Михаил Козаков «Крушение империи»
Проходя мимо отца, она вдруг приблизилась к нему и, не глядя в лицо, поцеловала его в щеку. Он ощутил ее теплые, мягкие губы, они отдавали слегка запахом свежего молока, сладкого творога, пеклеванного хлебца. «Ах ты мой теленочек родной!» - подумал о ней нежно, хотя еще секунду до того готов был, как и на Юрку, рассердиться.
Через минуту Ириша вышла со двора, пересекла песчаную рыхлую дорогу, взбежала на зеленый бугорок и, обхватив сзади сцепленными руками голову, медленно и плавно, немного раскачиваясь, что напоминало походку матери, Софьи Даниловны, направилась в лесок.
Лев Павлович долго провожал ее взглядом, сидя в плетеном кресле на веранде.
Вот она свернула направо, пошла какой-то тропинкой, и, чтобы видеть ее, надо повернуть в ту же сторону, направо, голову, и Лев Павлович, отвернувшись от стола, глядит теперь вдаль, сквозь стекло широкой верандной рамы.
Но стекло озорничает, как кривое зеркало в Луна-Парке, - волнистое, «пьяное» стекло, приобретенное экономным, малоимущим плотником Вилли Котро, смещает, ломает перед взглядом безукоризненно прямые сосны, превращает в смешной зигзаг тропинку, раздваивает, обезображивает плавно идущую фигуру Ириши. Лев Павлович ищет ровное, «трезвое» место в стекле Вилли Котро, для этого встает даже, не спуская взора с удаляющейся дочери.

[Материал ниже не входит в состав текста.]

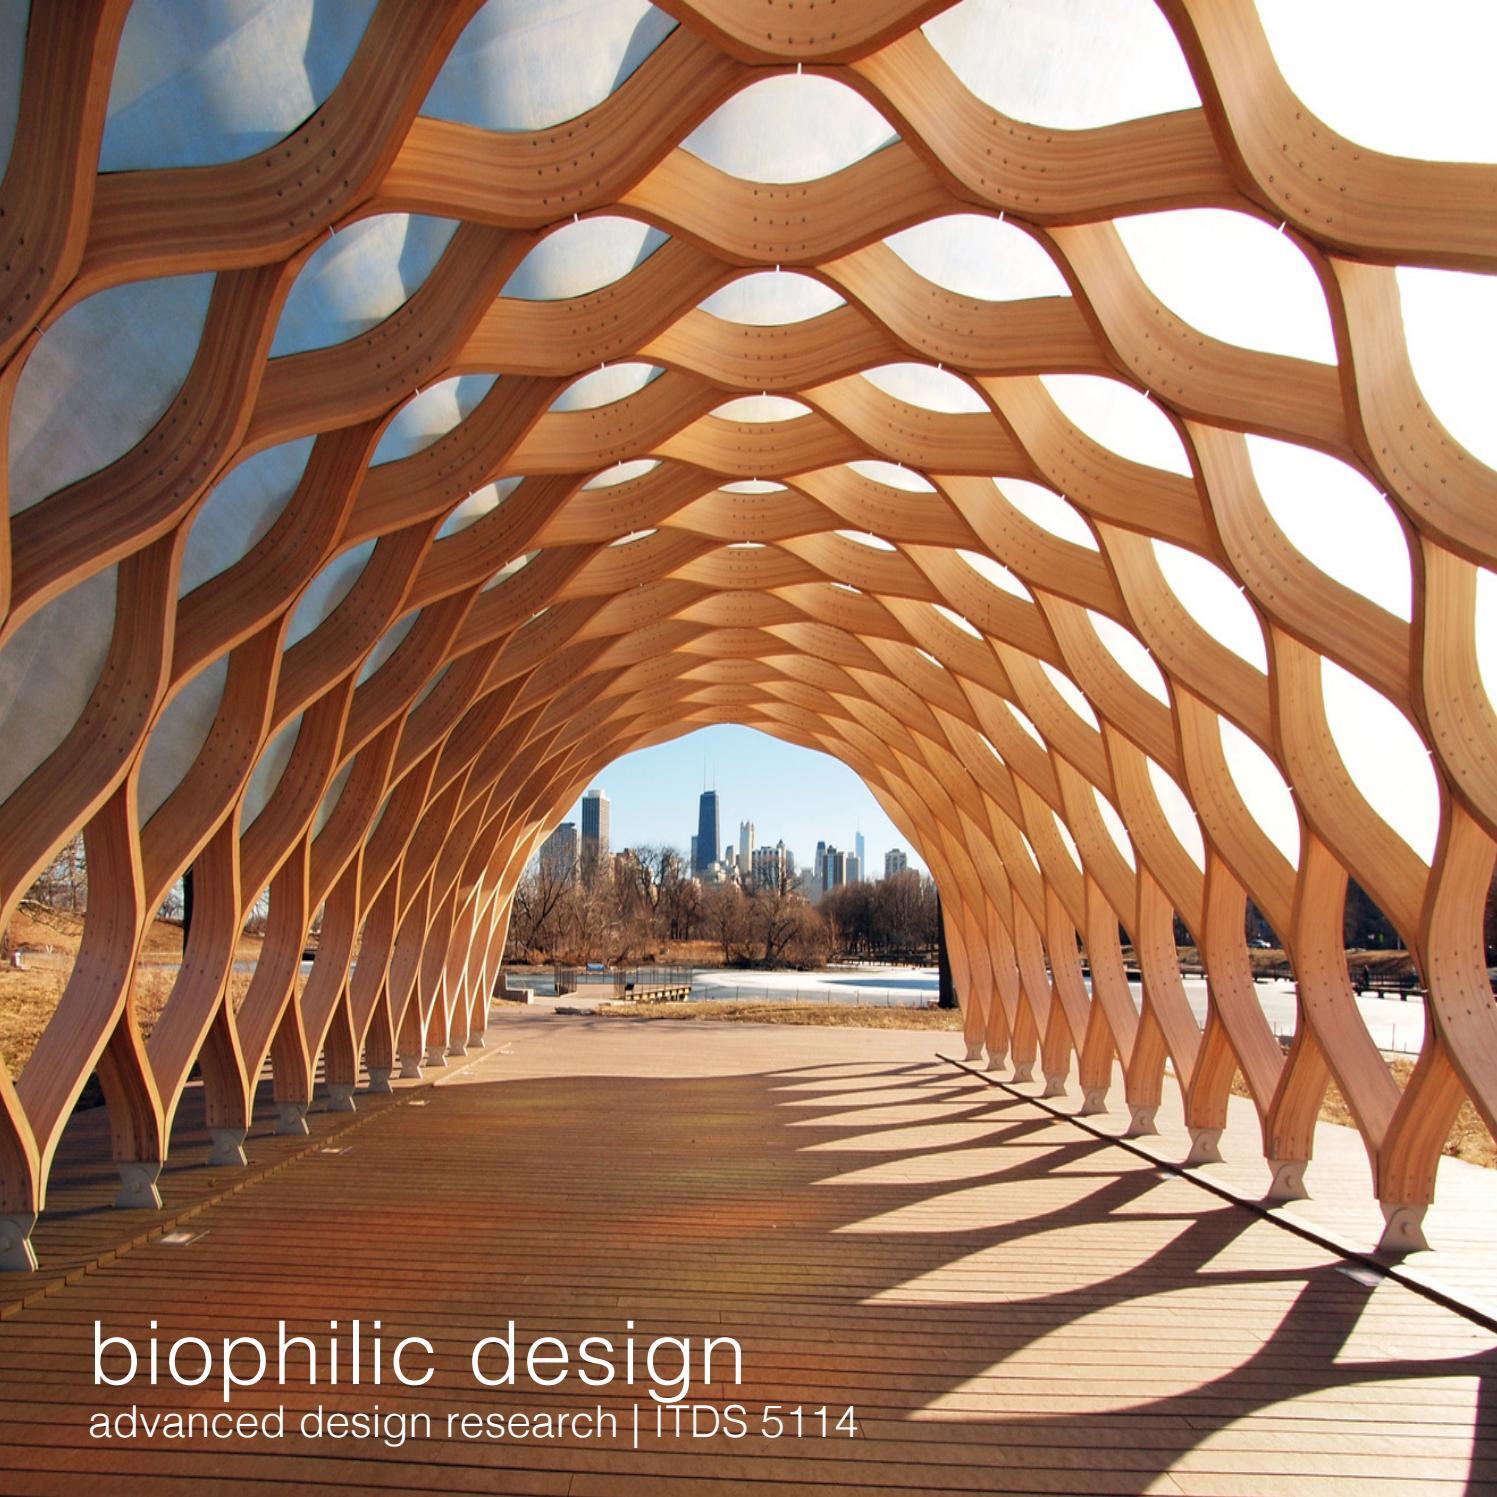 biophilia design by jessie bean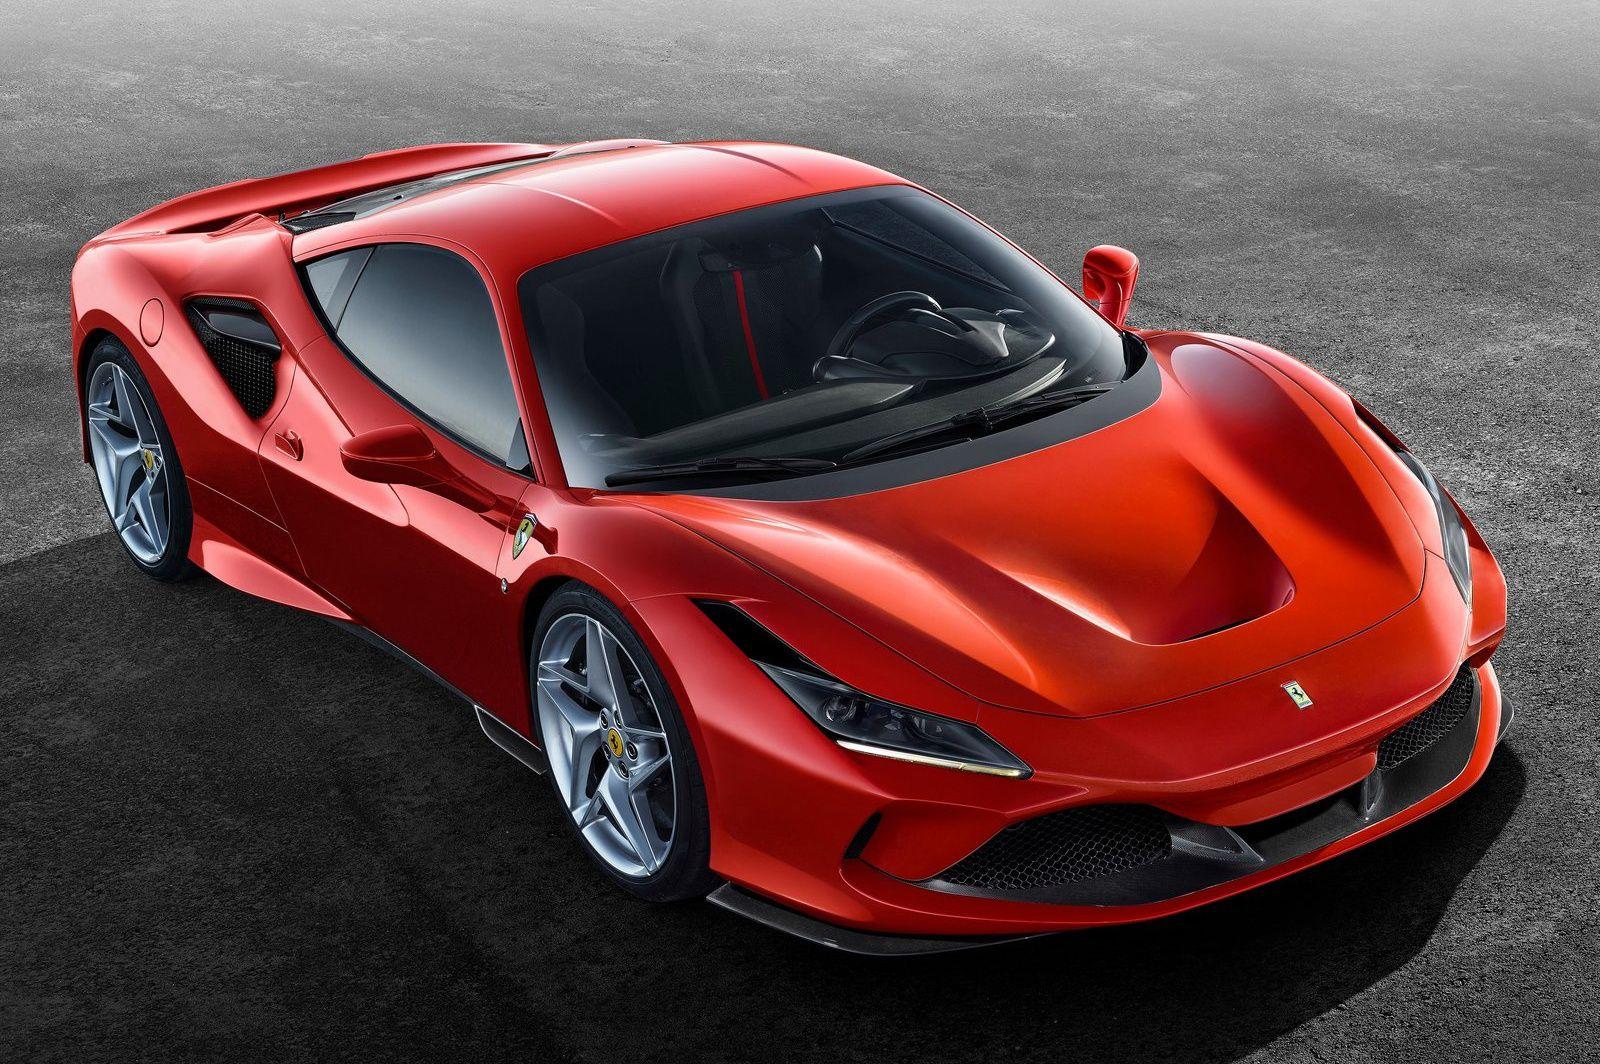 """Ferrari F8 Tributo : non, ce n'est pas un """"simple"""" restylage"""

«А ведь нам следовало с ней поговорить, пооткровенничать. Чую, что надо… - решает он вдруг, как бы отвечая каким-то другим своим мыслям, пришедшим уже не только сейчас, а еще раньше, в первый день возвращения из-за границы. Верней - в первую ночь разговора с женой, Софьей Даниловной. - Да, да, объясниться надо. Только бы найти подходящий случай».
Он и не предполагал в ту минуту, сколь скоро представится этот «подходящий случай».